И не это страшно — страшно, что ненависть оттого, что не он воспользовался, а другие…»
А на обороте страницы карандашом наспех приписано:
«Простите, простите!»
Евгений Иванович был как в столбняке. Вся душа была исполнена какой-то надрывной ужасной боли. Святая? Сумасшедшая? Распутница? Истеричка?
И всплыло в памяти милое, строгое, чистое, как у монахини, лицо с очаровательной родинкой и с его странным выражением: точно прислушивалась она к дальним колокольчикам, точно ждала ангела с благовестием о каком-то неожиданном счастье. И душа зарыдала… Что, и это только стежок в ковре Великого Артиста?
Сергей Федорович, проходя домой со скотного, увидел Евгения Ивановича у раскрытого окна с исписанными листками в руке и с искаженным страданием лицом.
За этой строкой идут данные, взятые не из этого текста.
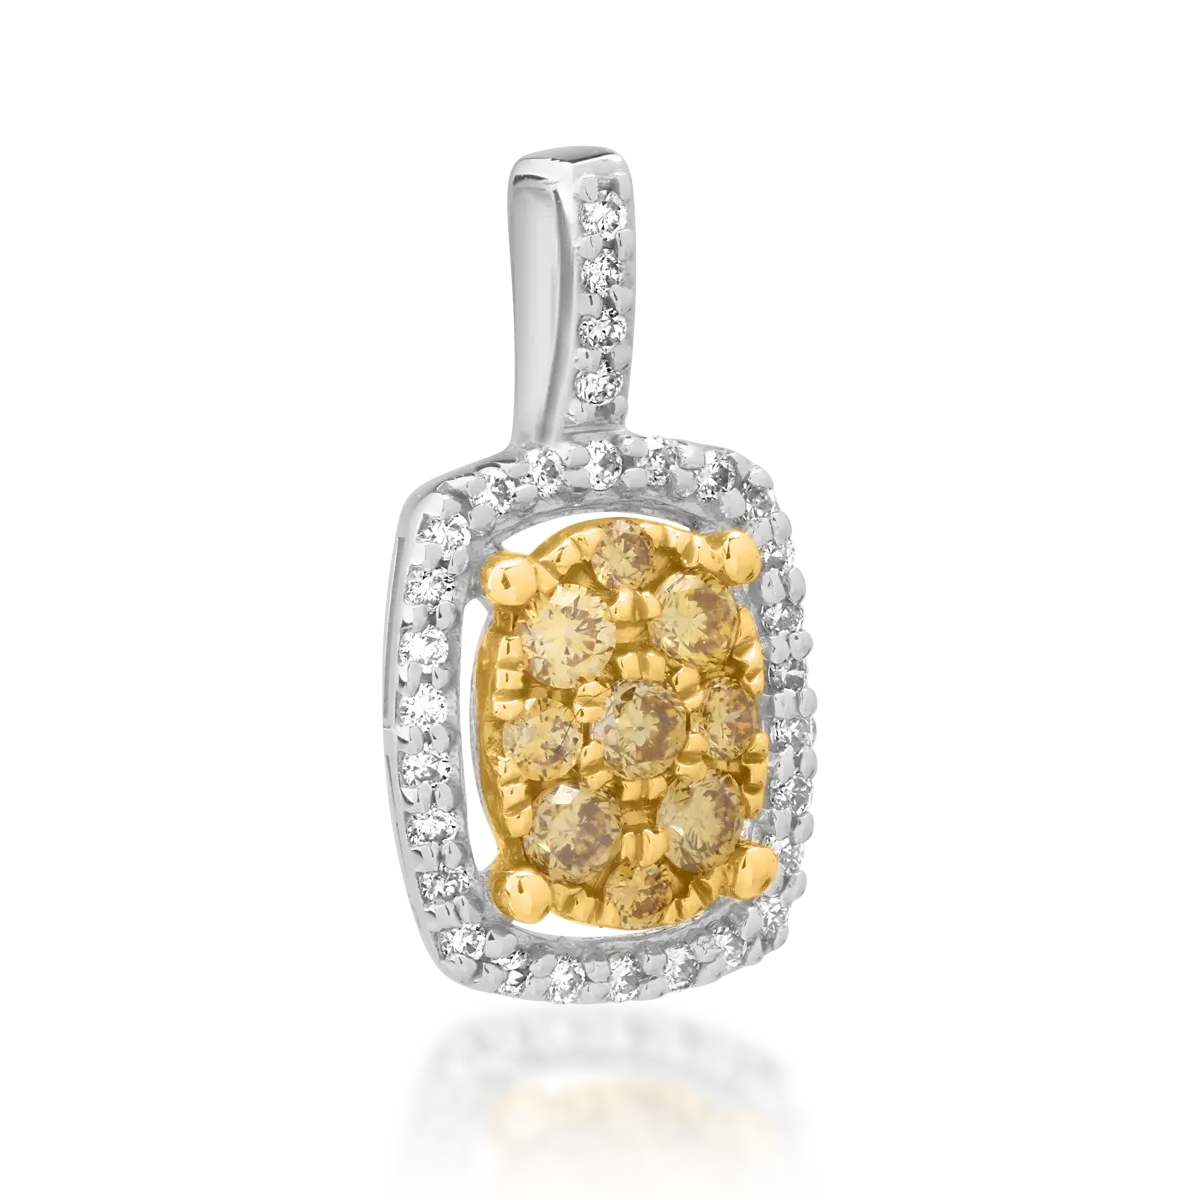 Medál 18K-os fehér aranyból 0.18ct sárga gyémánttal és 0.08ct átlátszó gyémánttal

Он сказал об этом жене и прибавил:
— Уж не затеялся ли у него роман какой с Ириной? Вот уж подлинно: седина в бороду, бес в ребро…
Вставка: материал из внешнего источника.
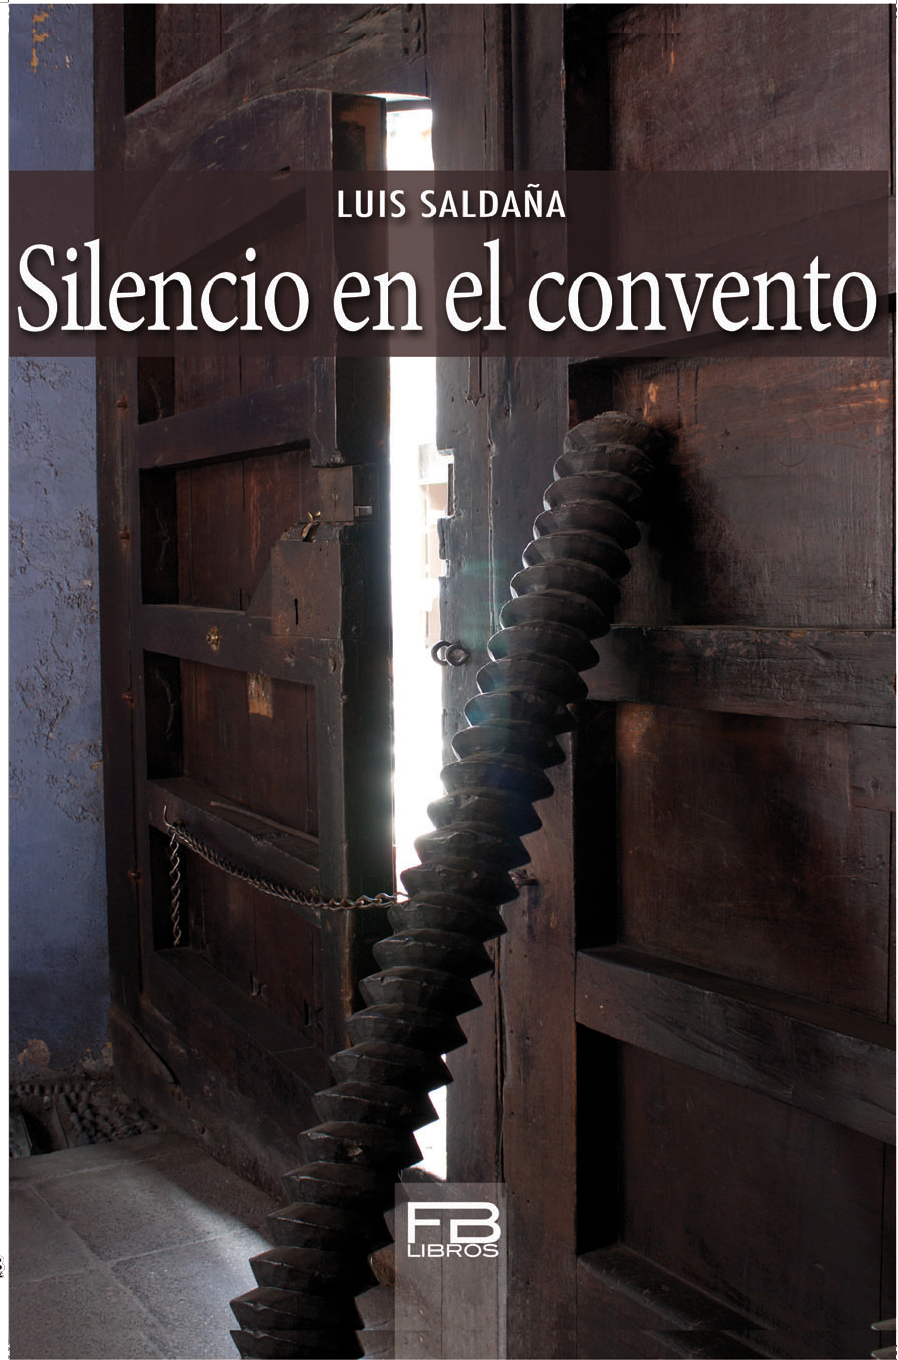 "Silencio en el convento"

— Ну, придумывай еще! — с неудовольствием заметила Анна Степановна, которая все никак не могла утешиться отсутствием газет. — Ничего такого я и не заметила между ними…
— Да где тебе и заметить, милая… — насмешливо сказал Сергей Федорович. — Ведь в твоих газетах ни в передовице, ни в телеграммах, ни в фельетоне об этом ничего не было…
XXIX
МАЙН ЛИБЕР АВГУСТИН
Зорины сняли себе помещение в Уланке чрез несколько дворов от Сергея Терентьевича у Петра Хлупнова, на которого вся округа смотрела как на дурачка, блаженного. Как и Сергей Терентьевич, как и все, он смолоду ушел в города, повидал там всего вдосталь и вернулся домой, но в то время как Сергей Терентьевич принес домой из своих скитаний сознание необходимости крепко и разумно строить жизнь, начиная с самого фундамента, с деревни, Петр, наоборот, пришел к заключению, что все зло в жизни происходит от труда-борьбы — борьбы с людьми, с животными, даже с самой землей — и что спасение человека заключается в освобождении человека от этой борьбы, для чего ему прежде всего надо выучиться довольствоваться самым малым, тем, что дает земля ему без всякой борьбы: орехи, ягоды, корни, грибы… Он взял себе в помощницы старую Маремьянушку, бобылку, нищую, которая целый день неслышно, как мышь, возилась по хозяйству, а как только посвободнее, зажигала в своей коморке тоненькую восковую свечечку и, бледная и прозрачная, бралась за Псалтирь, а Петр тихонько мастерил что-нибудь в саду и огороде или на пасеке — полевое хозяйство он за ненадобностью нарушил — или уходил в лес, чтобы думать и передумывать свои думы, как ему освободить себя от уз труда и борьбы еще более. На войну он не попал: его спас туберкулез легких, который он привез с собой из города.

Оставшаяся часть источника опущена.